Mary Cheney wrote on Facebook: “’Liz — this isn’t just an issue on which we disagree, you’re just wrong — and on the wrong side of history.”
Poe went farther. She wrote that Liz Cheney had always supported the lesbian couple and their two children, and “to have her say she doesn’t support our right to marry is offensive.”
The high-profile dispute led Dick Cheney and his wife, Lynne, to weigh in, saying their daughters loved each other, but “Liz has always believed in the traditional definition of marriage.”
As for the campaign against Enzi, as recently as Dec. 18, in a telephone town hall meeting, Cheney excoriated him for what she contended was his failure to take a bigger role in negotiations on the federal budget that Congress approved late last year. He voted against the final version. She also maintained that his work with the “Gang of Six” negotiators helped lead to President Barack Obama’s health care law, which he also ultimately opposed.
“People on our side confuse compromise with capitulation,” Cheney said.
The talk was more gracious on Monday.
Said Enzi after a brief conversation with Cheney: “I’ve always believed in putting family first and have tremendous respect for Liz’s decision. Her family is in our thoughts and prayers.”
As for the Senate race, he said, “I haven’t been running against anybody. I’ve been running to campaign for re-election.”
In Wyoming, the campaign led to public spats that ensnared even longtime friends.
Former Sen. Alan Simpson drew a stinging family rebuke last year over his support for Enzi. Simpson said Lynne Cheney told him to “shut up” after he refused to sign a football for Cheney’s 15-year-old granddaughter at a Wyoming fundraiser.
On Monday there were no harsh words as Simpson and his wife, Ann, called Liz Cheney.
“We had the most pleasing conversation for 15 minutes or so. We just said, ‘I’m sure it was a tough one. We just know we care about you. We’ve cared about you since you were a little gal, and we’re not going to let this destroy any friendship,” Simpson said.
“I said, ‘I love your old man. He and I did 45 years together and I’m not about to see that relationship (harmed),” Simpson said. “I said, ‘your whole family’s in our DNA,’”
Simpson said Liz Cheney decided at Christmas that “this is a mom thing,” and she needed to be with her family. The Republican primary is scheduled for Aug. 19.
Despite Cheney’s decision, Simpson and others said they believed she would return to politics.
”Liz is a rising star in Wyoming and national politics and we look forward to her return when the time is right for her and her family,” said Tammy Hooper, chair of the Wyoming Republican Party.
This time, there were several hiccups.
Last summer, Teton County records revealed that Cheney and her husband, Philip Perry, were more than two months late paying property taxes on the $1.6 million home they’d bought in Jackson Hole in 2012.
She said the late payment resulted from a misunderstanding of the terms of closing on the home with views of the Teton Range.
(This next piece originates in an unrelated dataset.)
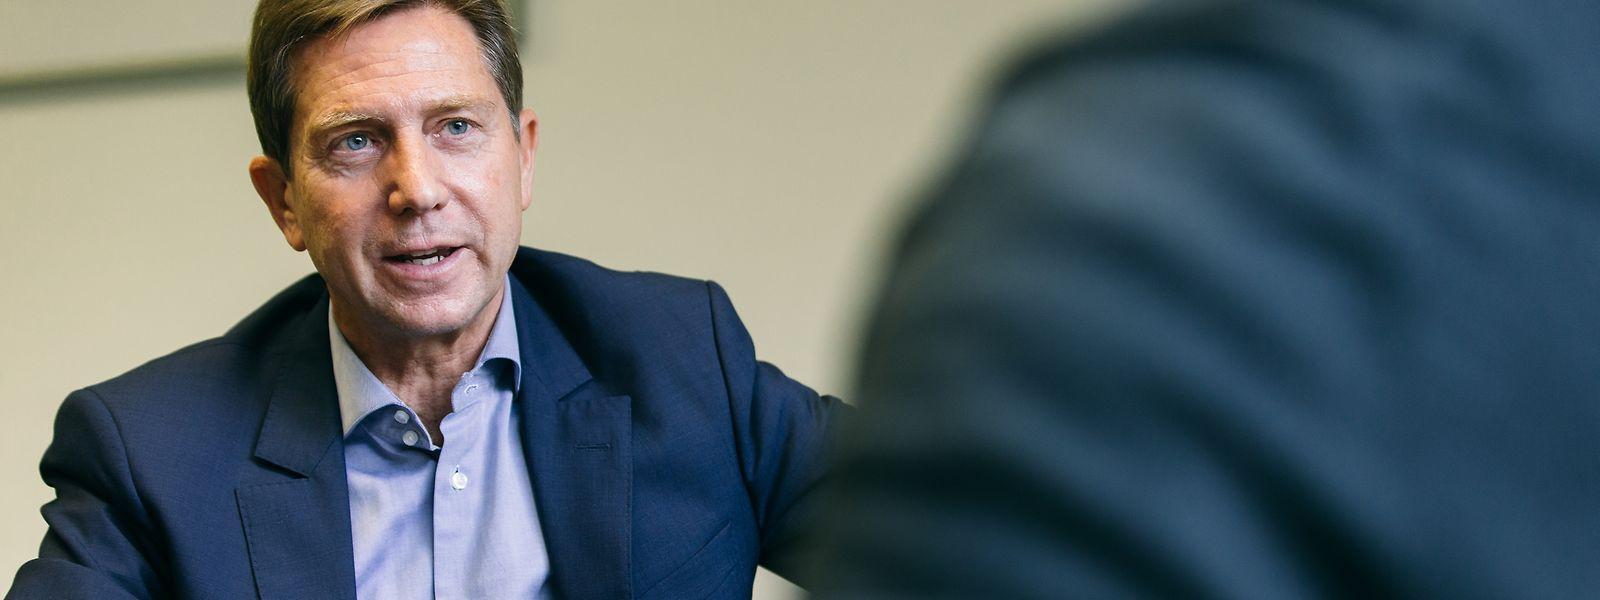 """Der Jurist und Finanzmanager David Arendt hob einst den Freeport aus der Taufe, heute ist er als Partner von """"The Directors Office"""" unabhängiger Unternehmensdirektor."""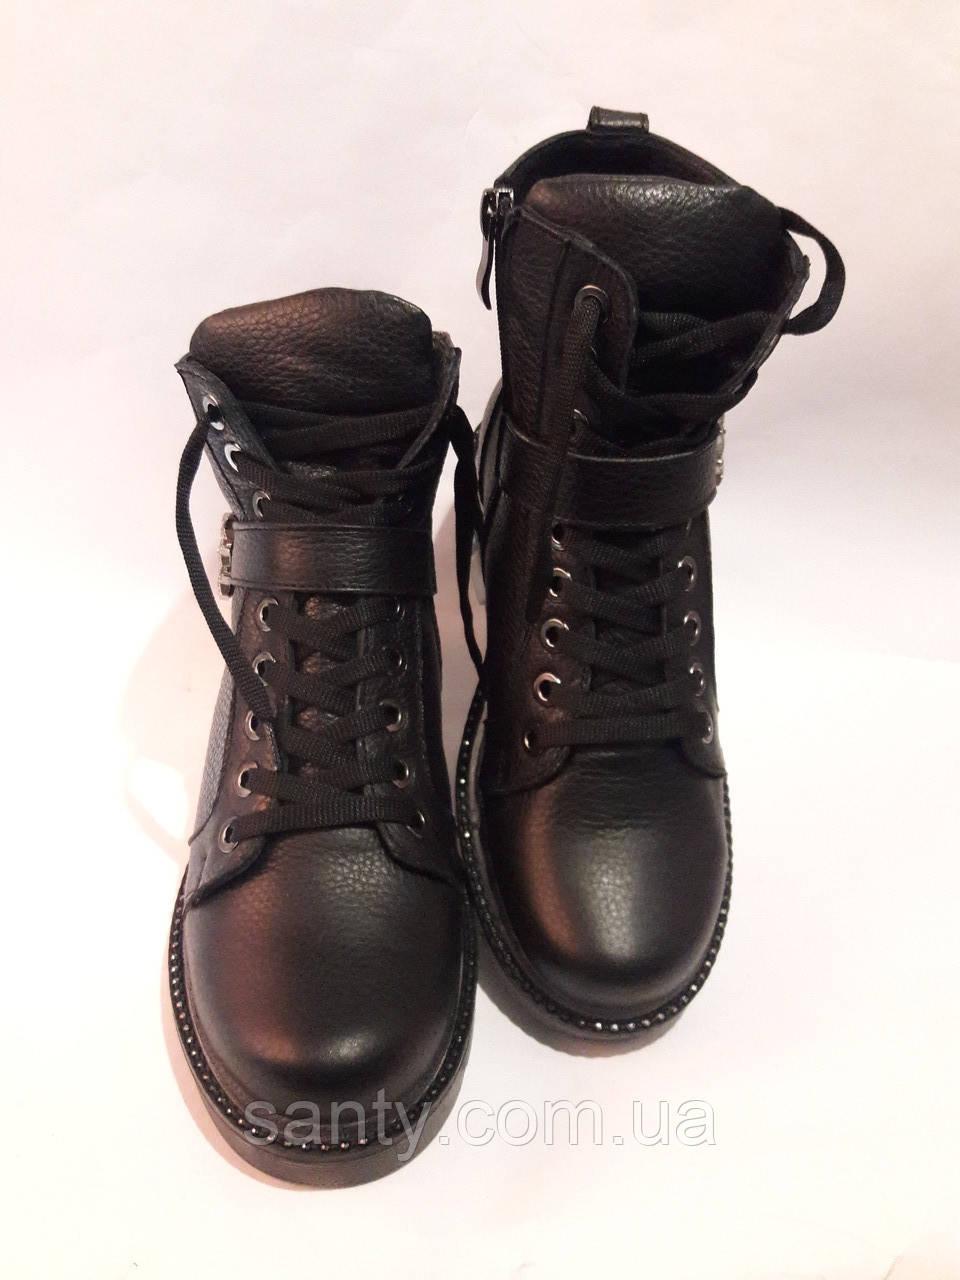 Зимние ботиночки из натуральной кожи., фото 1

The week after that, The Associated Press reported Cheney had bought a Wyoming resident fishing license despite having lived in the state for less than the required one-year minimum.
Cheney paid a $220 fine for the infraction, records showed.
Bob Loevy, a political science professor at Colorado College in Colorado Springs, recalled Cheney discussing her desire to run for elected office in Wyoming when she was a student of his in the mid-1980s.
“I know it was a longtime ambition of hers,” Loevy said. “But, looking at it as a political scientist, she was attempting a very difficult thing. No matter how great your family’s reputation may be, an incumbent senator is very difficult to beat in what is essentially a one-party area.”